ContinualAI / avalanche

Avalanche: an End-to-End Library for Continual Learning based on PyTorch.
http://avalanche.continualai.org
MIT License
1.72k stars 281 forks source link

feature request: semi-supervised, unsupervised, and novelty detection common benchmarks #1329

Open AlbinSou opened 1 year ago

AlbinSou commented 1 year ago

More and more CL papers are tackling unsupervised and a mix of supervised and unsupervised learning in the different tasks. I don't think there is a clean way to address that in avalanche right now so I'm proposing an idea.

I think it could be a nice idea to propose a general benchmark-maker, or an option to existing generators, where you decide how many labels in % are available for each task, with the option to chose which one of these labels are available, or to just set them at random.

As an example if we have five tasks here is how it would go for different existing problems

Setting | Label % per task (i.e 3 tasks)

Unsupervised | 0 | 0 | 0 Semi-Supervised | 5% | 5% | 5% New Class Discovery (NCD) | 100% (pretraining task) | 0% | 0% A mix of NCD and Semi-Supervised | 100% | 5% | 5%

That way it should be pretty easy to implement all of these settings that play with the availability of the labels. This could be implemented by a simple masking of which samples labels should be replaced by a given value (-1?) and then strategies could filter out what part of the input they can train on based on the labels in the current experience, for instance, a SupervisedTemplate would only treat the samples that have label, by means of self.mbatch = self.mbatch[self.mbatch[1] != -1] or something like that.

This definitely needs more thinking but I think a systematic treatment of these kind of scenarios could be interesting to integrate

AntonioCarta commented 1 year ago

The unsupervised seems easy (remove the labels for the training data).
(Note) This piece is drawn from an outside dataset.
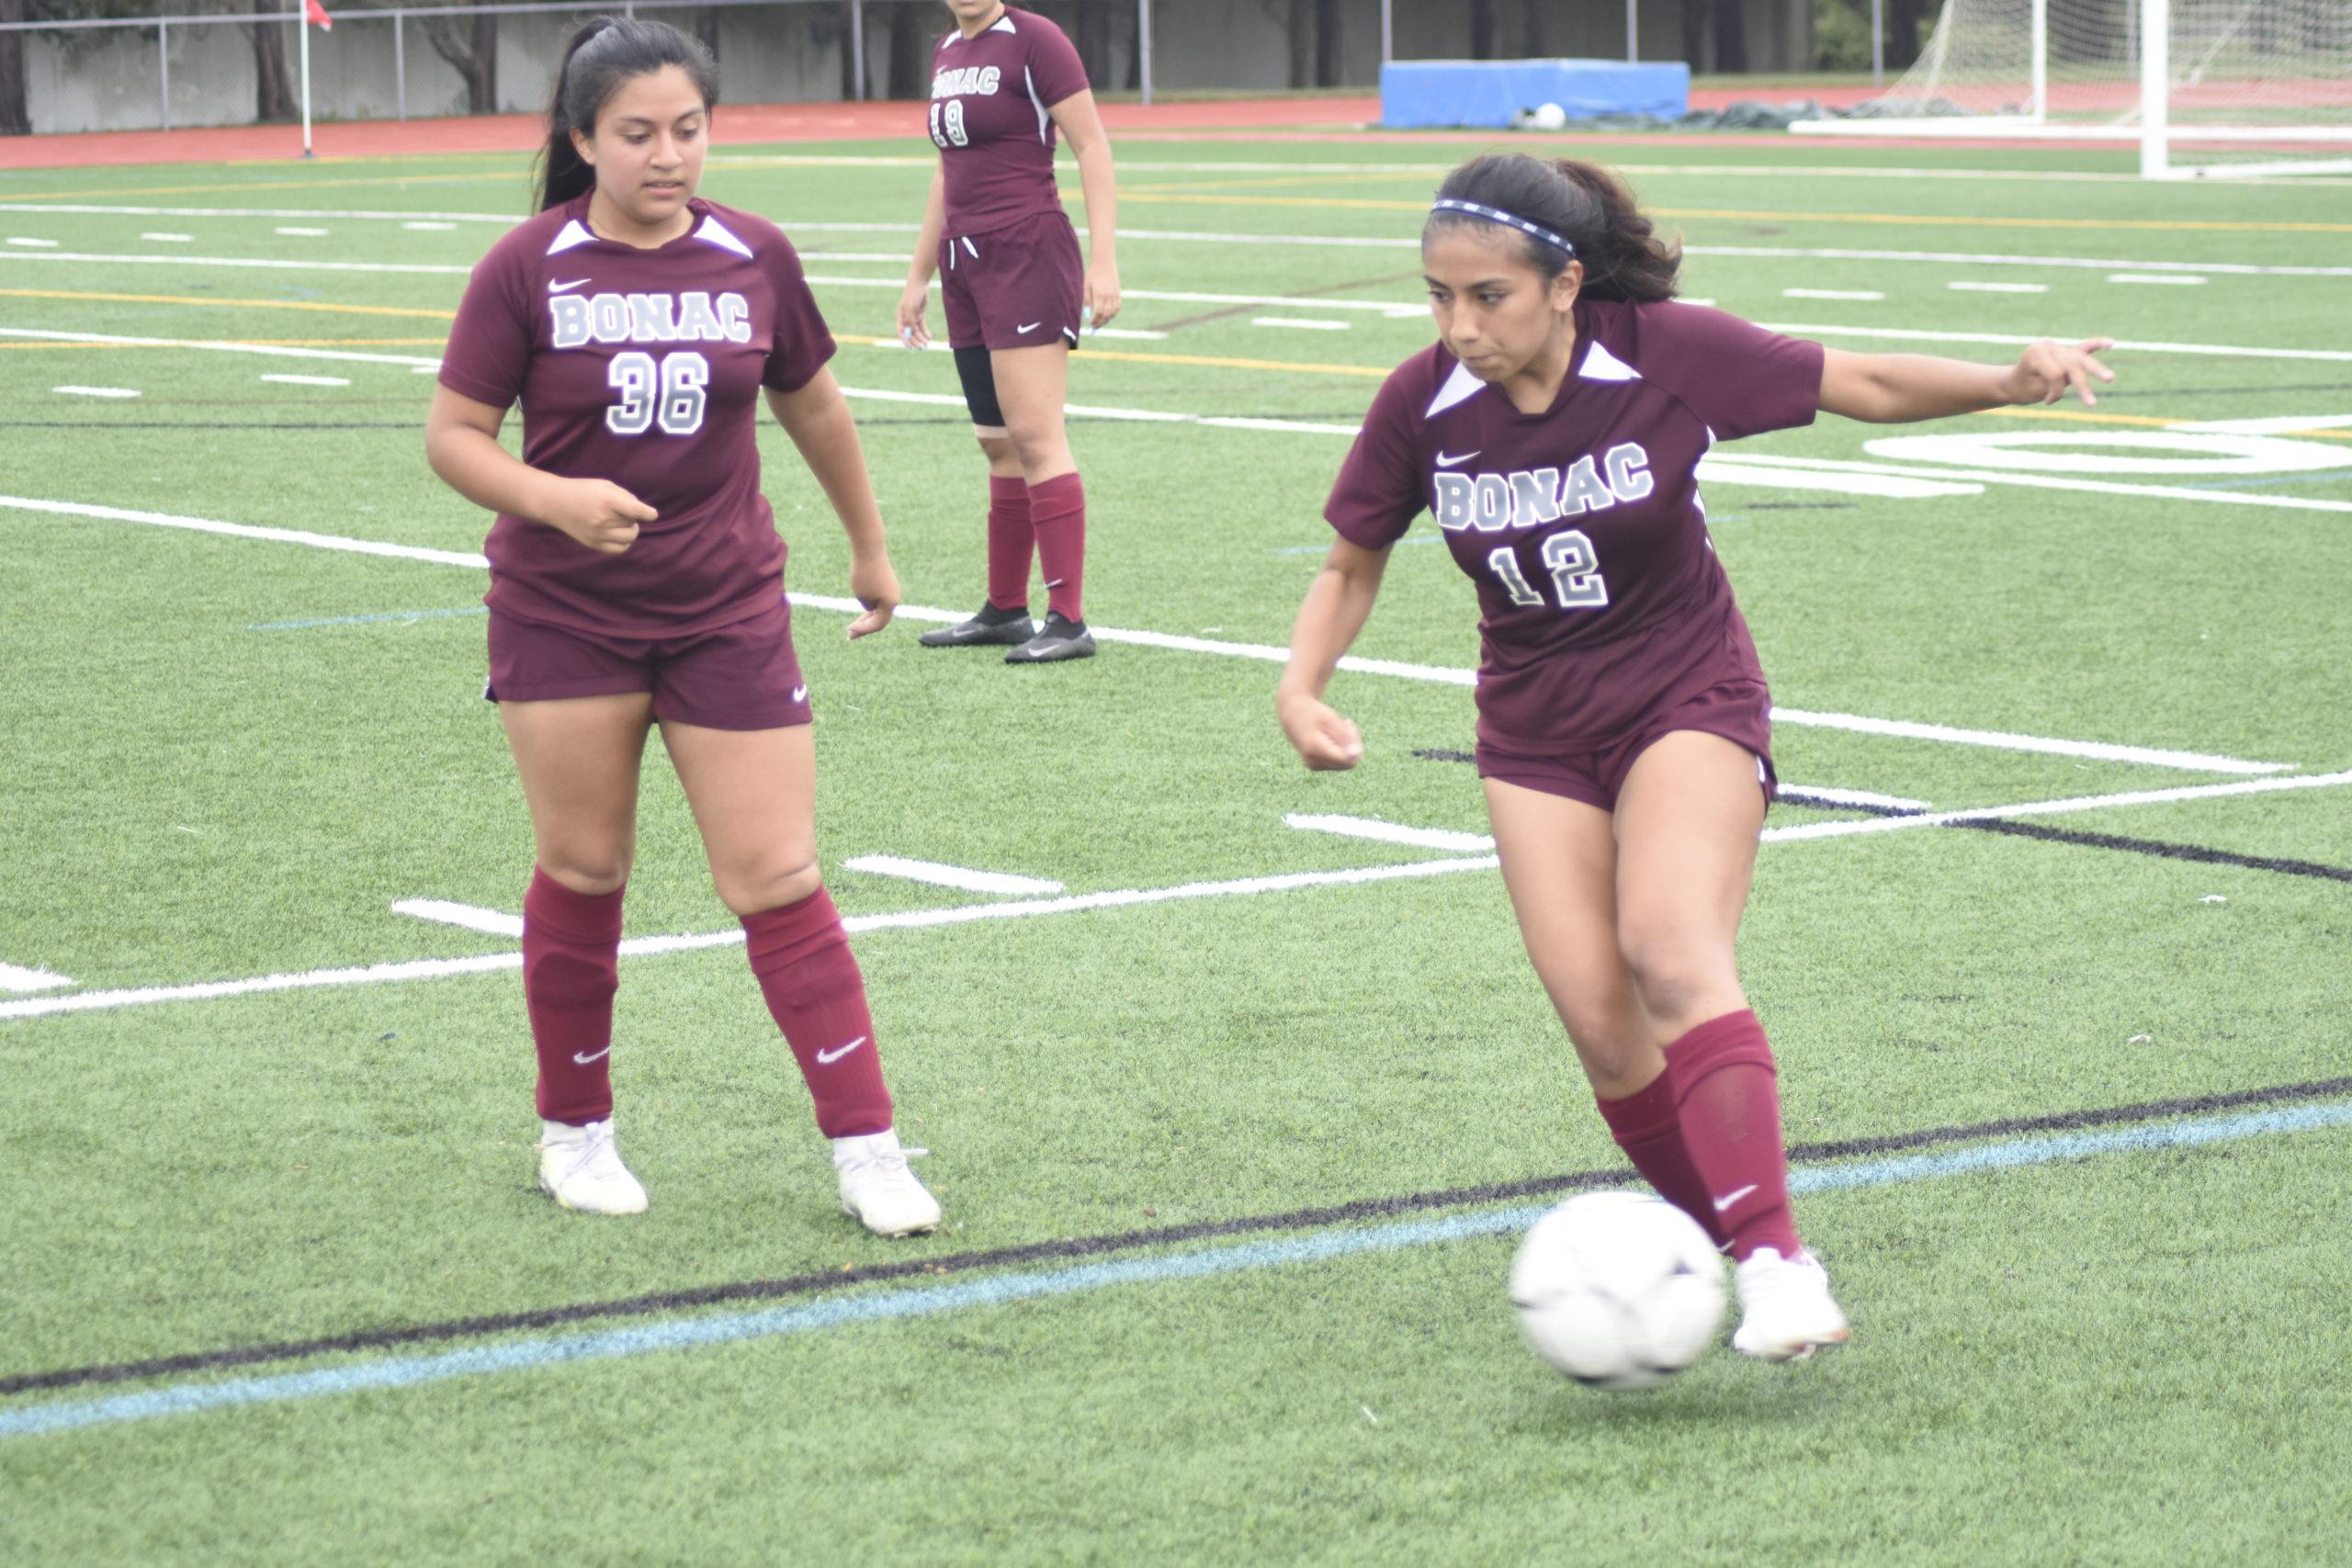 With junior Tiffany Pesantez looking on, junior Bonacker Nicole Velez plays the ball near the sideline.

For the semi-supervised, should we have separate datasets in the training experience? Example:

# at training time
train_exp.unlabeled_data # unlabeled subset <x, t> tuples (task id optional)
train_exp.labeled_data  # labeled subset <x,y,t> tuples (task id optional)

# at evaluation time
train_exp.dataset  # the full dataset with labels - only available at eval time <x,y,t> tuples (task id optional)
train_exp.unlabeled_data  # the unlabeled subset, but at eval time we need to provide labels too <x,y,t> tuples (task id optional)
train_exp.labeled_data  # same as the train data <x,y,t> tuples (task id optional)

Not sure about NCD, I don't have a lot of experience with it.